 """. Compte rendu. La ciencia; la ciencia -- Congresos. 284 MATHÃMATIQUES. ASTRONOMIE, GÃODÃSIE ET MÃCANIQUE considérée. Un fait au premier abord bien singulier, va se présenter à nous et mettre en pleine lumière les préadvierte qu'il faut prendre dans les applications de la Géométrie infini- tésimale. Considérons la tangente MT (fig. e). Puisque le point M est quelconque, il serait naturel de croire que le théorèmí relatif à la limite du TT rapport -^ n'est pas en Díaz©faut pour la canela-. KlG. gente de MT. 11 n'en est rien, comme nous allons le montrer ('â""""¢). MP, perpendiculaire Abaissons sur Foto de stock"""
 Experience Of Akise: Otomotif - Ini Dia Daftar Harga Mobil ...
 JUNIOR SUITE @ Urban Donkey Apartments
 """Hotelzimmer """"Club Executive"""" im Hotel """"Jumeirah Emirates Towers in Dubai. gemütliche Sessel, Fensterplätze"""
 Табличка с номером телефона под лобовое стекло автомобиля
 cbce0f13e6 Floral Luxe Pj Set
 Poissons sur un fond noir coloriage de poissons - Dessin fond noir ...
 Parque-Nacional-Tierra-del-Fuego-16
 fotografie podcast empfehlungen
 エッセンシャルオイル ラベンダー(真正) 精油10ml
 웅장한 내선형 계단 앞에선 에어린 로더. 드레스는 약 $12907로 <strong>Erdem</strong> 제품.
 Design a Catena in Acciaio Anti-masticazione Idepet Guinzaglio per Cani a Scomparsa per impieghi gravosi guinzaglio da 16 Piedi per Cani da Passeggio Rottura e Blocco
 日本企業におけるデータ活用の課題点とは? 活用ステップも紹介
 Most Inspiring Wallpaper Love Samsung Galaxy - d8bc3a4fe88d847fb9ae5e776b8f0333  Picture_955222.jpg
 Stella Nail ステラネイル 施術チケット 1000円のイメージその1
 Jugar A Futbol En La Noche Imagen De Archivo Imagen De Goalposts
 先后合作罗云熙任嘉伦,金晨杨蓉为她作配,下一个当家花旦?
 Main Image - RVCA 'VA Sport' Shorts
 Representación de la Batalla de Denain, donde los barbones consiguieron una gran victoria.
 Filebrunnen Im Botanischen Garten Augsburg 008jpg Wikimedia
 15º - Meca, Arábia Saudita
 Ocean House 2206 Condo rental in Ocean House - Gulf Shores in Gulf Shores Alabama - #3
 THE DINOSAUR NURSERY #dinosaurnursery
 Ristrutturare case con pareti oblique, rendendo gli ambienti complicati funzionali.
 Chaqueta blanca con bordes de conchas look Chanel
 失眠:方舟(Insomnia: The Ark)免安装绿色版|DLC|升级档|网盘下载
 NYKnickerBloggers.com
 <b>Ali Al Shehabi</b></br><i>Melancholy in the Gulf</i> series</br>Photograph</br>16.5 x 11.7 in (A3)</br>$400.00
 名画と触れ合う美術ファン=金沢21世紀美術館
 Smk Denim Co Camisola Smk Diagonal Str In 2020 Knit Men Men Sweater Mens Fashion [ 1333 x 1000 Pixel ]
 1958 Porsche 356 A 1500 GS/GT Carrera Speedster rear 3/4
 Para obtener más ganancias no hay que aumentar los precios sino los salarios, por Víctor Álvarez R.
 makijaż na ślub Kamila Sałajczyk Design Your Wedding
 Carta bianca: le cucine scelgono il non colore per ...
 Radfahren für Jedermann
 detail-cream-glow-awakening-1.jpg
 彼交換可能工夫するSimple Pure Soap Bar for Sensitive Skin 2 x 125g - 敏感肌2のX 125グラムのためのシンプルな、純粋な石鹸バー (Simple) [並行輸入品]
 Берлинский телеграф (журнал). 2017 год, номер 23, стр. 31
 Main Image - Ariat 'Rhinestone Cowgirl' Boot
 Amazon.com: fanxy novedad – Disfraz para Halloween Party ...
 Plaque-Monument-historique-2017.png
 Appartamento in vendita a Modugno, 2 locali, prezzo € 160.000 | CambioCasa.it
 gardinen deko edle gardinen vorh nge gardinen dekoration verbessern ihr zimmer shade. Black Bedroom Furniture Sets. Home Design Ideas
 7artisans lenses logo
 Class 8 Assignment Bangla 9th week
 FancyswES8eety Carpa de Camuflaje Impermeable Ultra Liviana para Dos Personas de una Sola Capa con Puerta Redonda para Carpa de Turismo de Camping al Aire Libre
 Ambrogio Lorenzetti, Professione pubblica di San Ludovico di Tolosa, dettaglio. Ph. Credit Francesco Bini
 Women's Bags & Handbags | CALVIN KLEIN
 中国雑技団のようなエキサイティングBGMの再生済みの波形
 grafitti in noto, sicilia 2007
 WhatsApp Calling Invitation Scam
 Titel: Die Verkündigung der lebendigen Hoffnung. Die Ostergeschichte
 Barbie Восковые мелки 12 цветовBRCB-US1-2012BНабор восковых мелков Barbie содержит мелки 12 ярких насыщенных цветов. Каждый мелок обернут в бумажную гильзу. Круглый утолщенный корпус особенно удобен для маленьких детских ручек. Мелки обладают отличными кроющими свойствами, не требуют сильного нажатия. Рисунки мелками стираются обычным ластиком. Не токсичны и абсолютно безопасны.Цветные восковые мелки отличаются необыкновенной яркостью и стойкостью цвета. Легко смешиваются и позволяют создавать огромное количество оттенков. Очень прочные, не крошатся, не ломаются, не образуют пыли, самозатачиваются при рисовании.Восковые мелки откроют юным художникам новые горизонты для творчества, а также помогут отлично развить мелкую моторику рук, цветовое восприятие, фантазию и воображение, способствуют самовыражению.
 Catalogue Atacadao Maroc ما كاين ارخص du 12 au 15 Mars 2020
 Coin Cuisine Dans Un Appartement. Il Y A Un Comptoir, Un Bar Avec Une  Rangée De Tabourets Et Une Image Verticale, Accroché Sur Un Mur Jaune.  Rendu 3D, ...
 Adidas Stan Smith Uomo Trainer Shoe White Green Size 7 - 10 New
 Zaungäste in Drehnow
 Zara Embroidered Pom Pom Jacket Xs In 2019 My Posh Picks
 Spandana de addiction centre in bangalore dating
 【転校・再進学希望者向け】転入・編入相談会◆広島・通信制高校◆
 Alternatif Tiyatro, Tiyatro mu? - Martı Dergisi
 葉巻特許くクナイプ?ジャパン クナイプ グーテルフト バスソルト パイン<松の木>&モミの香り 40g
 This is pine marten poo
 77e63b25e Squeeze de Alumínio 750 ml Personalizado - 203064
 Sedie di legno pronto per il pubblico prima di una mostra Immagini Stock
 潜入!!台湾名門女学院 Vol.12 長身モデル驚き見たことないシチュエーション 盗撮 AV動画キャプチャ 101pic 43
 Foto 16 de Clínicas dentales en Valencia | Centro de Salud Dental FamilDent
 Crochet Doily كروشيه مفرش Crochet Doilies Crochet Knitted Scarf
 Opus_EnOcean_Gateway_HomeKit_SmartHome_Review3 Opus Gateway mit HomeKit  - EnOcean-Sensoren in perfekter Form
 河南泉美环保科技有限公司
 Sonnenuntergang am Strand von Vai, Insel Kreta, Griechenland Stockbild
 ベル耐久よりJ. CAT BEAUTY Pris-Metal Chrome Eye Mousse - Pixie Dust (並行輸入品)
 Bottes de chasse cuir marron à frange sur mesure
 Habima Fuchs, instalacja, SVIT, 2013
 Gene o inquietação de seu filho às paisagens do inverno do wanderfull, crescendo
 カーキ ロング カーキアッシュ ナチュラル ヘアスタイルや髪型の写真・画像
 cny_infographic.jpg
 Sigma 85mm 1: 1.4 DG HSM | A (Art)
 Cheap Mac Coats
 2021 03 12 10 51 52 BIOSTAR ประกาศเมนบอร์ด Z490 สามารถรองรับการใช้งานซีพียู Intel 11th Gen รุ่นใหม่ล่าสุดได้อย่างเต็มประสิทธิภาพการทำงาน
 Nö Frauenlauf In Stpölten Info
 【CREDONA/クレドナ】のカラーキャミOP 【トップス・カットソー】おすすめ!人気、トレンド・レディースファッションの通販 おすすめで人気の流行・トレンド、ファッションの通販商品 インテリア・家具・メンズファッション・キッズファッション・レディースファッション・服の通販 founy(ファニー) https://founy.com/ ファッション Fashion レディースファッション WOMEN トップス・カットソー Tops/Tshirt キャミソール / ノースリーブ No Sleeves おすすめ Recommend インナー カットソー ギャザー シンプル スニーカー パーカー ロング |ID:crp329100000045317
::::::::::
> [Problem details]:
The range runs from the line with "Appartamento in vendita" up to and including the line with "Titel: Die Verkündigung" in the listing above; please write out exactly those lines and nothing more.

> [Your solution]:
 Appartamento in vendita a Modugno, 2 locali, prezzo € 160.000 | CambioCasa.it
 gardinen deko edle gardinen vorh nge gardinen dekoration verbessern ihr zimmer shade. Black Bedroom Furniture Sets. Home Design Ideas
 7artisans lenses logo
 Class 8 Assignment Bangla 9th week
 FancyswES8eety Carpa de Camuflaje Impermeable Ultra Liviana para Dos Personas de una Sola Capa con Puerta Redonda para Carpa de Turismo de Camping al Aire Libre
 Ambrogio Lorenzetti, Professione pubblica di San Ludovico di Tolosa, dettaglio. Ph. Credit Francesco Bini
 Women's Bags & Handbags | CALVIN KLEIN
 中国雑技団のようなエキサイティングBGMの再生済みの波形
 grafitti in noto, sicilia 2007
 WhatsApp Calling Invitation Scam
 Titel: Die Verkündigung der lebendigen Hoffnung. Die Ostergeschichte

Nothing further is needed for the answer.